Signal transduction by proteolysis/span>
All intracellular signal transduction mechanisms discussed in the previous paragraphs are reversible. However, some receptors on the cell membrane or proteins within the cytoplasm undergo cleavage or degradation as a means of signal transduction. Once the protein undergoes cleavage or degradation, it will not return to its original state. Some examples of such signal transduction mechanisms are those seen with receptors involved in differentiation and caspases involved in apoptosis*2(see Column Selection 3 Chapter 14).
*2 In Greek, “apo” means “from” and “ptosis” means “falling.” Defoliation is also phenomena to which apoptosis contributes.
Figure 14-7 shows a specific example.
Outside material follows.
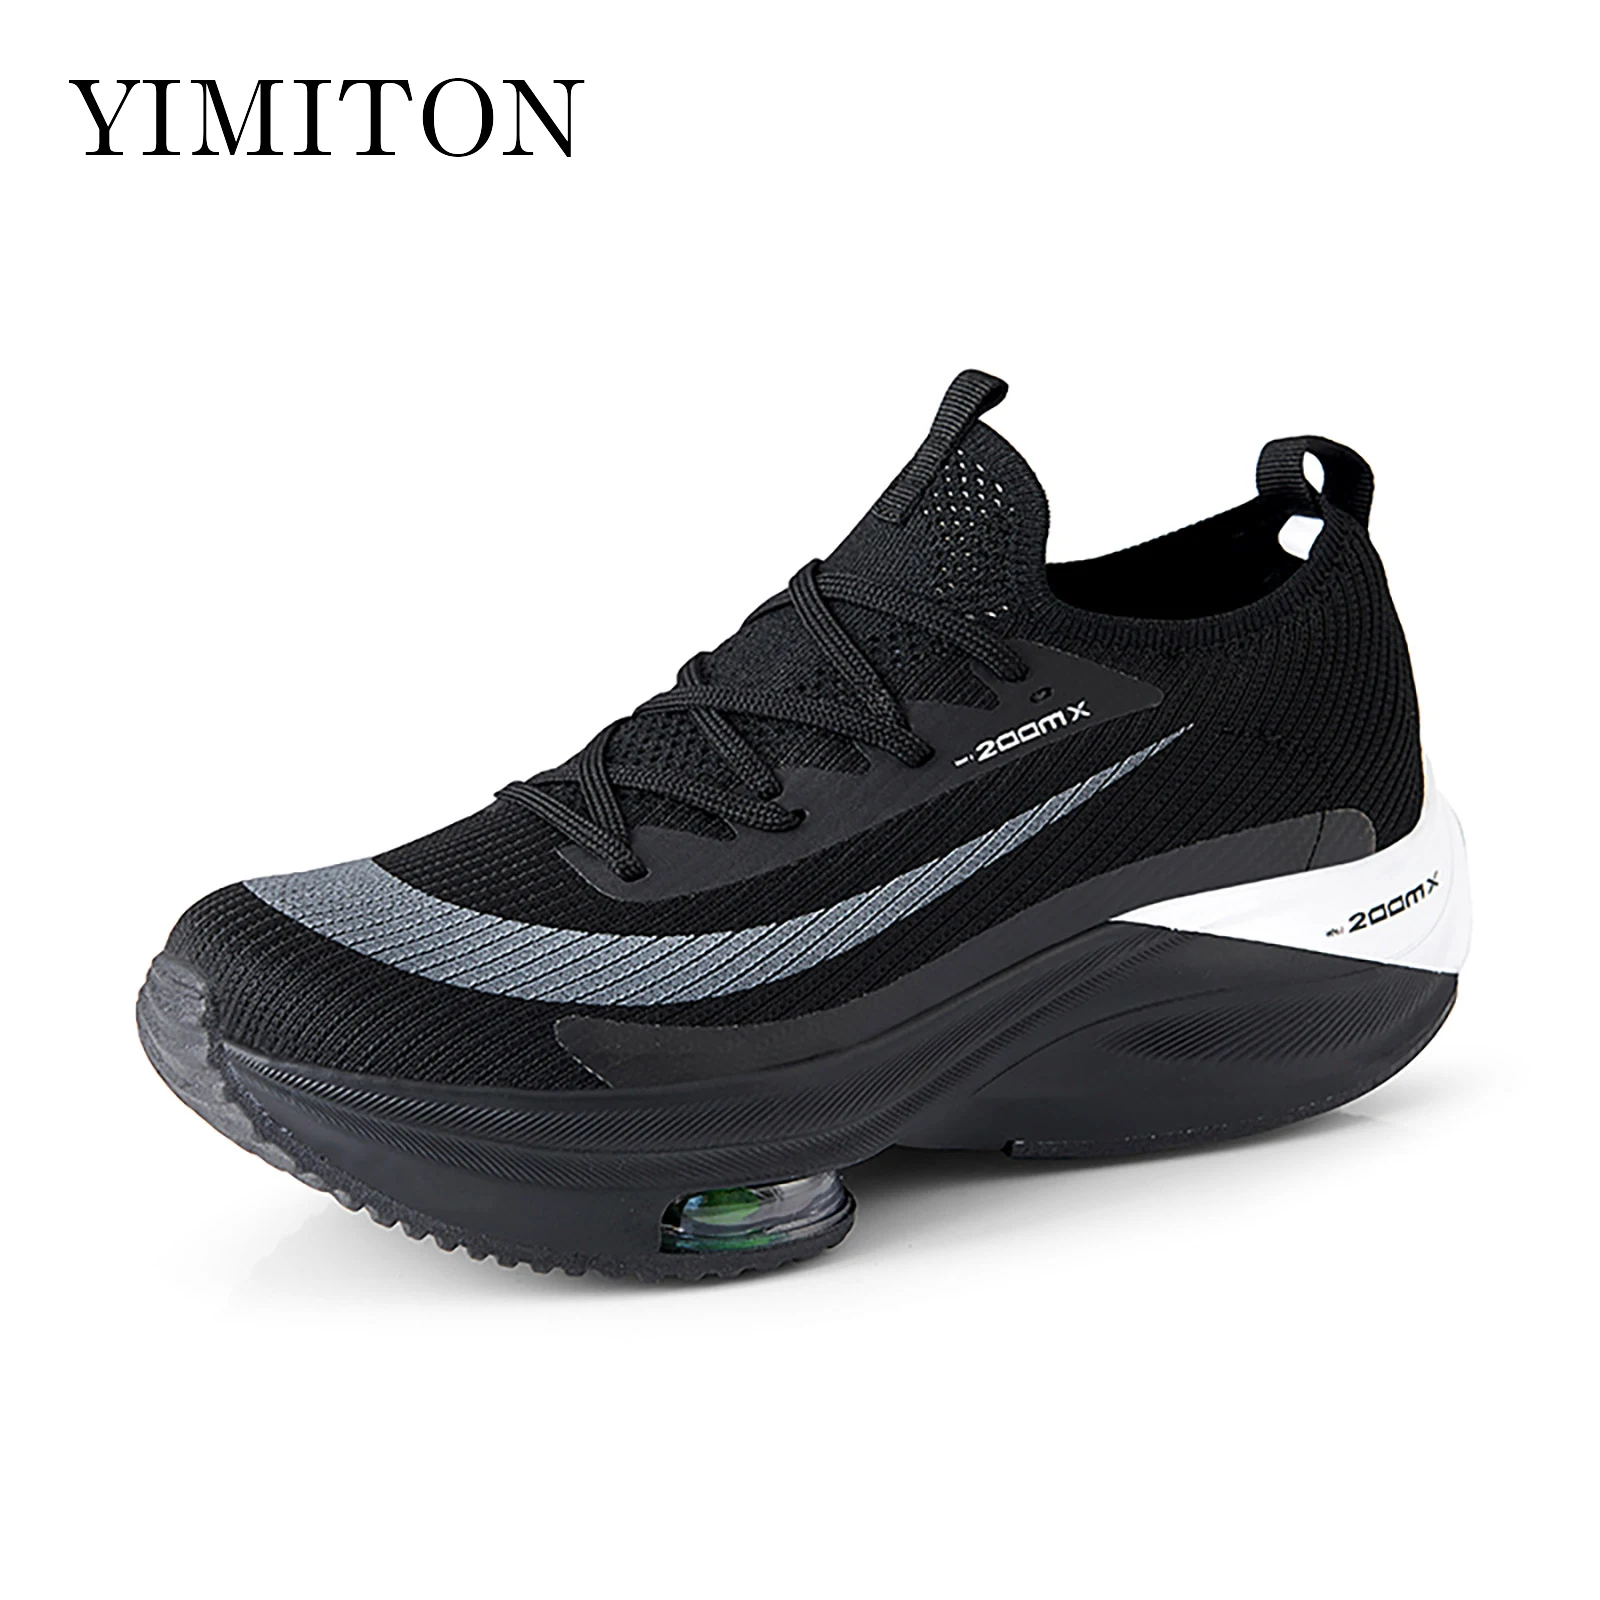 Yimiton Air Cushion Non-Slip Gym Sneakers for Men Women Lightweight Breathable Athletic Running Walking Tennis Shoes 36-46

Caspases are proteolytic enzymes that have important roles in apoptosis and are usually present in the cytoplasm as inactive precursors. When apoptotic signals are transduced to cells, the inhibition of the pathways that activate the caspases is canceled. Caspase precursors begin by mutually degrading themselves with the aid of activation factors, to eventually become activated caspases. Then, the cascade of proteolytic reactions is initiated by the caspases to complete apoptosis.